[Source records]
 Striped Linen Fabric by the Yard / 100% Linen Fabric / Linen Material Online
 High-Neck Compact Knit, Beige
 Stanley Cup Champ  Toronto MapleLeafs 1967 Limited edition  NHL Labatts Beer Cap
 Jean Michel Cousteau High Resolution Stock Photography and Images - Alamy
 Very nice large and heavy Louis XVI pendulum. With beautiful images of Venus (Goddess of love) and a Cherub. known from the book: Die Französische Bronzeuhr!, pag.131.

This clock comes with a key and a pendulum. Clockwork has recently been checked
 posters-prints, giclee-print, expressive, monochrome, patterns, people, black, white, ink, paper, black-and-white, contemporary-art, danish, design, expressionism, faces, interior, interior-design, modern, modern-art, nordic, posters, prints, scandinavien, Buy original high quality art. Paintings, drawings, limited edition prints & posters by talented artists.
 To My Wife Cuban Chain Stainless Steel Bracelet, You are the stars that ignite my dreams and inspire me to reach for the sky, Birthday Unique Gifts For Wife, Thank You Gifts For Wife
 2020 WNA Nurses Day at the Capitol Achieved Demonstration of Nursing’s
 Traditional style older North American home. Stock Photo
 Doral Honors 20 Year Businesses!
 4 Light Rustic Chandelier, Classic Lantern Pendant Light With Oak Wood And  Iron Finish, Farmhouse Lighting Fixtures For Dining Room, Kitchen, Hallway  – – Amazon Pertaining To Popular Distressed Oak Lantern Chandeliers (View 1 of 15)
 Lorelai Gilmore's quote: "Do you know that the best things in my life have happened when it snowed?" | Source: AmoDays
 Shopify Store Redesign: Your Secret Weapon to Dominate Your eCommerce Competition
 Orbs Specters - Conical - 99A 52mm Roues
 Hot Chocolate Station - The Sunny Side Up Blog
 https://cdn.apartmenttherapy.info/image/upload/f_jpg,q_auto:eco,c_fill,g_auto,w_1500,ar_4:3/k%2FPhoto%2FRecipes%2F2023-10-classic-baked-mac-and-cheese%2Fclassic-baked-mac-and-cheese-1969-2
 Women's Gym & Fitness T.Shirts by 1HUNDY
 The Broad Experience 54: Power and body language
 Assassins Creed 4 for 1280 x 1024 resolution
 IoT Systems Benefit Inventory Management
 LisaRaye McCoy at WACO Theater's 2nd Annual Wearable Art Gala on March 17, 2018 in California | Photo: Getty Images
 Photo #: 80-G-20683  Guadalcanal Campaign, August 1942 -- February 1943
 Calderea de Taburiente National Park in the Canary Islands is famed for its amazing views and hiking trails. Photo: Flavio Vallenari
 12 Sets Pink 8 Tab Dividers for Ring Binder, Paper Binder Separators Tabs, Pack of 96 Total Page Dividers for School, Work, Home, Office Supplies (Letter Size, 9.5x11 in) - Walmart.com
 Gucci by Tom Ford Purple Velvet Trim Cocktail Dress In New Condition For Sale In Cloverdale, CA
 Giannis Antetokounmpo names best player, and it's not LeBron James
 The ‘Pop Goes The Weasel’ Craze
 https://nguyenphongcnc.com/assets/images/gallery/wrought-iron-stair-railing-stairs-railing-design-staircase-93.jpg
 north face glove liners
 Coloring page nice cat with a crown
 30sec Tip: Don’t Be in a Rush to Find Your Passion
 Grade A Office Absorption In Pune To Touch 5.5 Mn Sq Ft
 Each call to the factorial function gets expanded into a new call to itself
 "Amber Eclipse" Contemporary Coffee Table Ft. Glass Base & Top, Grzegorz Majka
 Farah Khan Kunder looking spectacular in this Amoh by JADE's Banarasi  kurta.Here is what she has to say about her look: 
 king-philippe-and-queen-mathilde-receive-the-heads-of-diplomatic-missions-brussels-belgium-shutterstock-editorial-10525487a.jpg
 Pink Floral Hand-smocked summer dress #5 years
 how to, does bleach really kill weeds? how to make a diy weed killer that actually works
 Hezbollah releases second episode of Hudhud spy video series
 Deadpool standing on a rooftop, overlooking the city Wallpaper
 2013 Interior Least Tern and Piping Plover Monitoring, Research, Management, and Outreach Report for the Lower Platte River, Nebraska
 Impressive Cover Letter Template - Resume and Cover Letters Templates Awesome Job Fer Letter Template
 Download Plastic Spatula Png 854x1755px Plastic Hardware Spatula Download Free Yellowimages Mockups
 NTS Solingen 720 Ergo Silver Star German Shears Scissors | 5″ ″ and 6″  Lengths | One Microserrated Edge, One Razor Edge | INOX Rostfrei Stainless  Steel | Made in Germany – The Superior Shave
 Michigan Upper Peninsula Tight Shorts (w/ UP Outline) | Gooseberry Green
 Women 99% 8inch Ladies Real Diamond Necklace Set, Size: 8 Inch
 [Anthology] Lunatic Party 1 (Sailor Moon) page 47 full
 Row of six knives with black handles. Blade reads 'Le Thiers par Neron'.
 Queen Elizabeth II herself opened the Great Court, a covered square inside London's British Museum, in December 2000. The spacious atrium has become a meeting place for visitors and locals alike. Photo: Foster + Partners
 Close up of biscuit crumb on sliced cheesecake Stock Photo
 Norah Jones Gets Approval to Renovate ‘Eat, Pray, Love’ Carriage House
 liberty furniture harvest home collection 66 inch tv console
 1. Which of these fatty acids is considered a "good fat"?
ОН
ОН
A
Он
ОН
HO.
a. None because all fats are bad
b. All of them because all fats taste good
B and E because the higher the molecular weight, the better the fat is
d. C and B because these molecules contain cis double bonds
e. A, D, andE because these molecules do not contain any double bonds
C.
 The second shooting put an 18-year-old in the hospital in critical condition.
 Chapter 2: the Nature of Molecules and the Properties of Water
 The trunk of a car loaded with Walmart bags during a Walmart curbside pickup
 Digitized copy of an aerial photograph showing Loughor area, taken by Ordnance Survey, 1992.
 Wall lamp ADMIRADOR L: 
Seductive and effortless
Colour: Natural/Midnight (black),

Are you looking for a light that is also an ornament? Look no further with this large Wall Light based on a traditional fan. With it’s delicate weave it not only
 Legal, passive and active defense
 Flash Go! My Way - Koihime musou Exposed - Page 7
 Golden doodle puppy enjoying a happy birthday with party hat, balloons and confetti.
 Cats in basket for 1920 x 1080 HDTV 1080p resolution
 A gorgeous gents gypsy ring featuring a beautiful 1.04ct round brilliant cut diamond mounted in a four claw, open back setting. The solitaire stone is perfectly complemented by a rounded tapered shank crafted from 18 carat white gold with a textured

What you have to do
Copy every line of the data where "Size" is found.

Task result
 12 Sets Pink 8 Tab Dividers for Ring Binder, Paper Binder Separators Tabs, Pack of 96 Total Page Dividers for School, Work, Home, Office Supplies (Letter Size, 9.5x11 in) - Walmart.com
 Women 99% 8inch Ladies Real Diamond Necklace Set, Size: 8 Inch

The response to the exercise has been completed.